It's not just AI.
I grew up with borrowed ZX Spectrum manuals that detailed the Z80 assembly language, (a clone of) a Red Book that came with the (clone of a) Apple II computer that had assembly listings, and fold-out circuit-board diagrams for the whole computer. I taught myself C++ from the manual that came with Borland Turbo C++ and the Waite Group C book. I laughed out loud at footnotes in the Camel book, which I read from the start through to where it becomes a reference. I read Sedgewick's Algorithms cover to cover for fun when I found it in a local library as a teenager. I borrowed the ancient "build a flight simulator" book from a friend in high school.
I've bought books by Kleppmann, Julia Evans, and Hillel Wayne's in-progress book on proofs. I owned the gang of four design patterns book (although I won't pretend -- like everyone else -- to have done more than skim a few patterns!)
And yet.
For many, many years now every time I've wondered into a bookstore, and meandered over to the fondly-remembered computer books section with a sense of nostalgia, I've just been deeply disappointed and sad. If you're lucky, you'll find one or two books that look worth reading, and the rest is just the product of some giant publishing machine whose sole purpose seems to be to fleece unsuspecting neophytes of their money by pushing on them hastily written books on whatever the current fad is.
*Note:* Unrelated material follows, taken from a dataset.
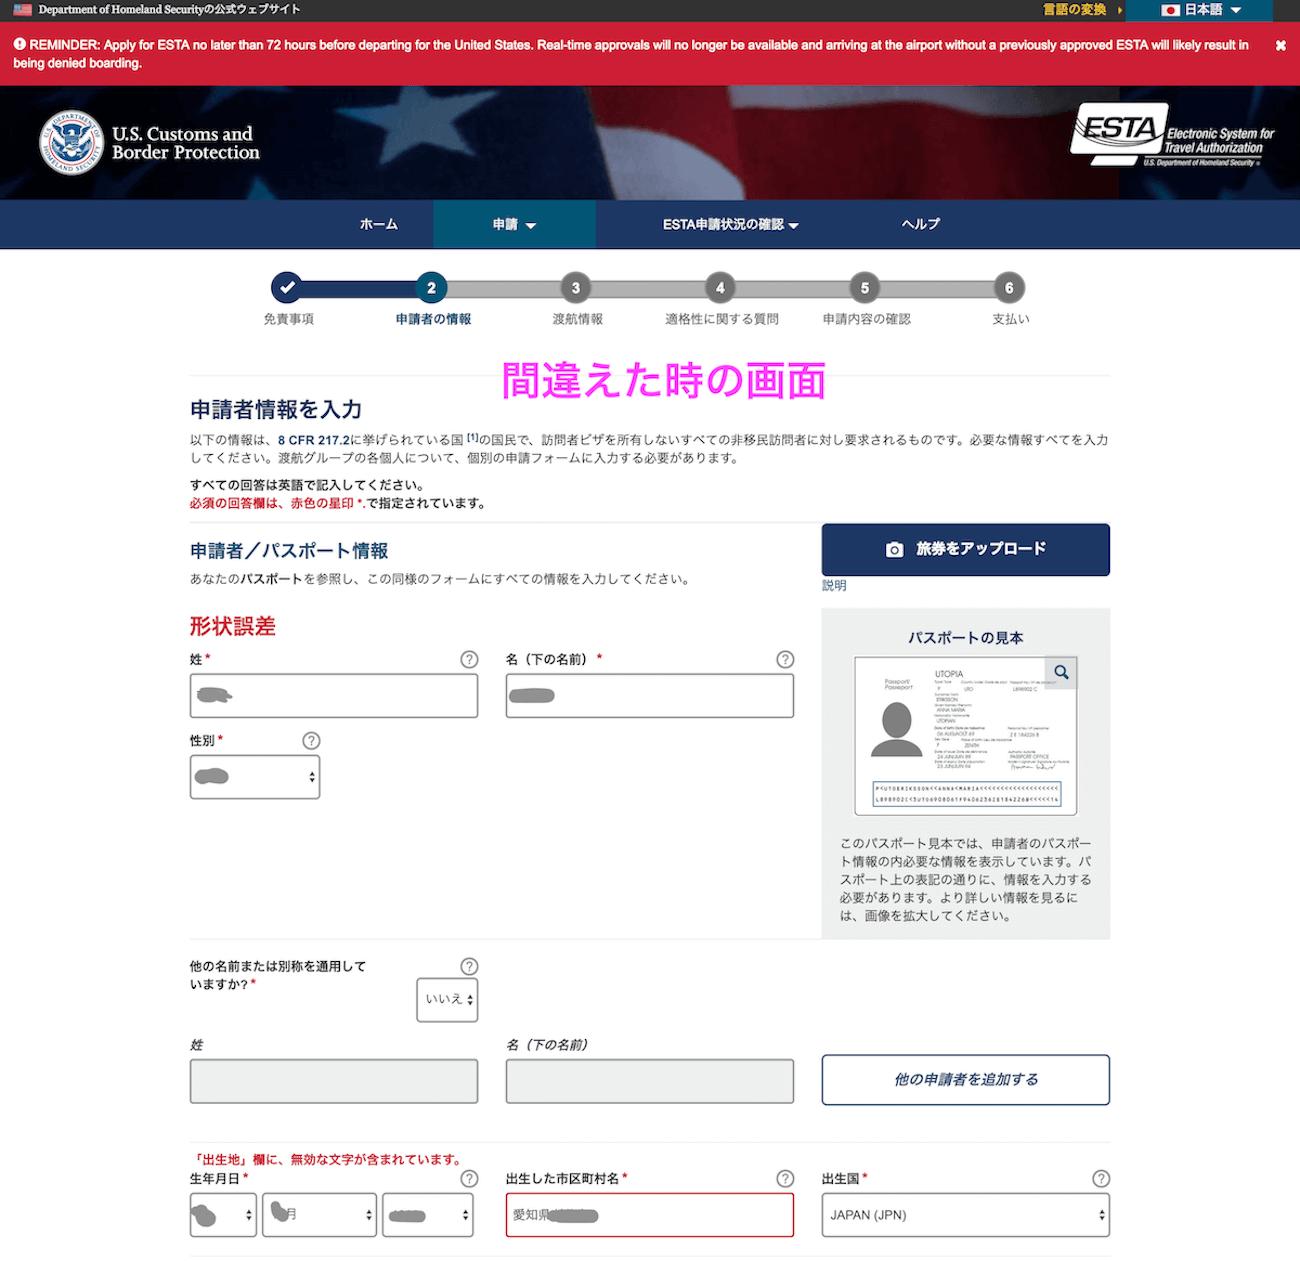 アメリカ入国のESTA(エスタ)申請方法(手順)4

Often when you look at the publication date and compare it to the release date of the software, it's obvious you couldn't write a _good_ book that fast.
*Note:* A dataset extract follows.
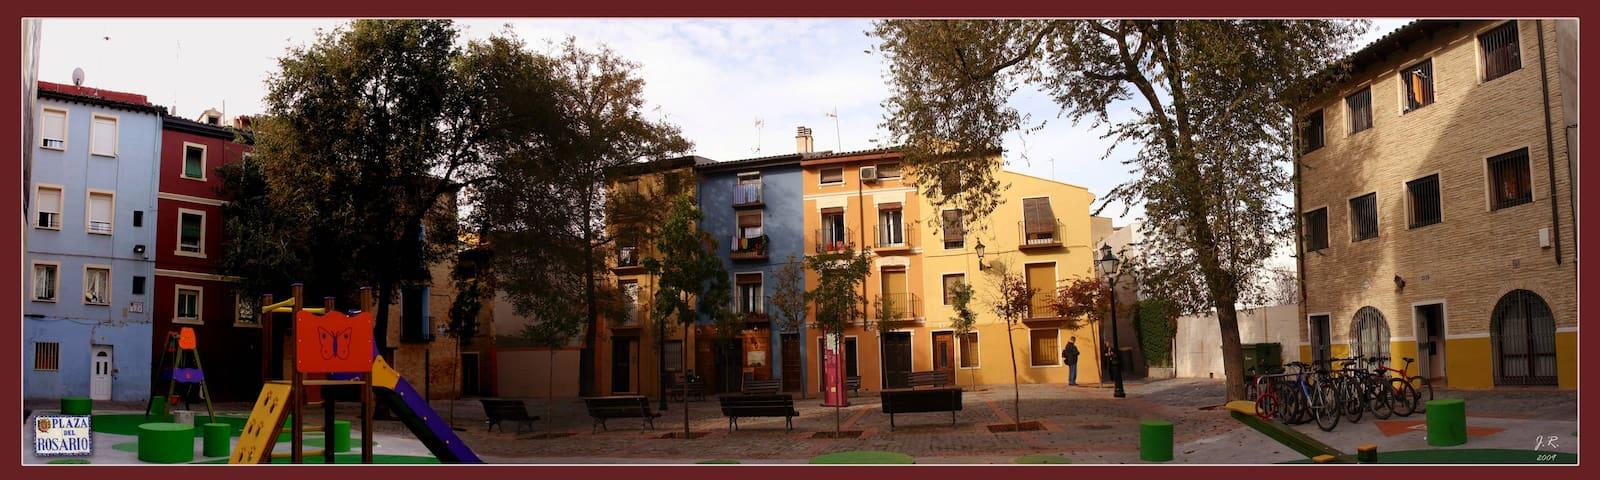 Casa centrica del siglo XVII - Zaragoza - Casa

And they're all huge. The C Programming Language, Javascript: the good parts, and The Go Programming Language are just about the only three examples I know of where concision was considered a virtue. Most are just fluffy as hell, which is offensive to the kind of mind that wants to learn a programming language.
Add to that the observation in the article that paper books for programming languages are inherently weird.
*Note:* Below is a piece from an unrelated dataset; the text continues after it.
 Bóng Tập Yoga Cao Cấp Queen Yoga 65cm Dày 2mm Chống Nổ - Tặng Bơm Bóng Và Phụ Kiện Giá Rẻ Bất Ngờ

So yeah, nobody cracks open a programming book anymore, but there are lots of compelling reasons beside AI, reasons that make you grateful if AI can save you from having to wade through an ocean of dreck.
I can imagine a heavily curated shelf of programming books, and it would be a thing of beauty, a collection of potent fireworks shot into the dark of the unknown. But, like, who would go to Barnes and Noble or whatever and actually see it, and actually buy something?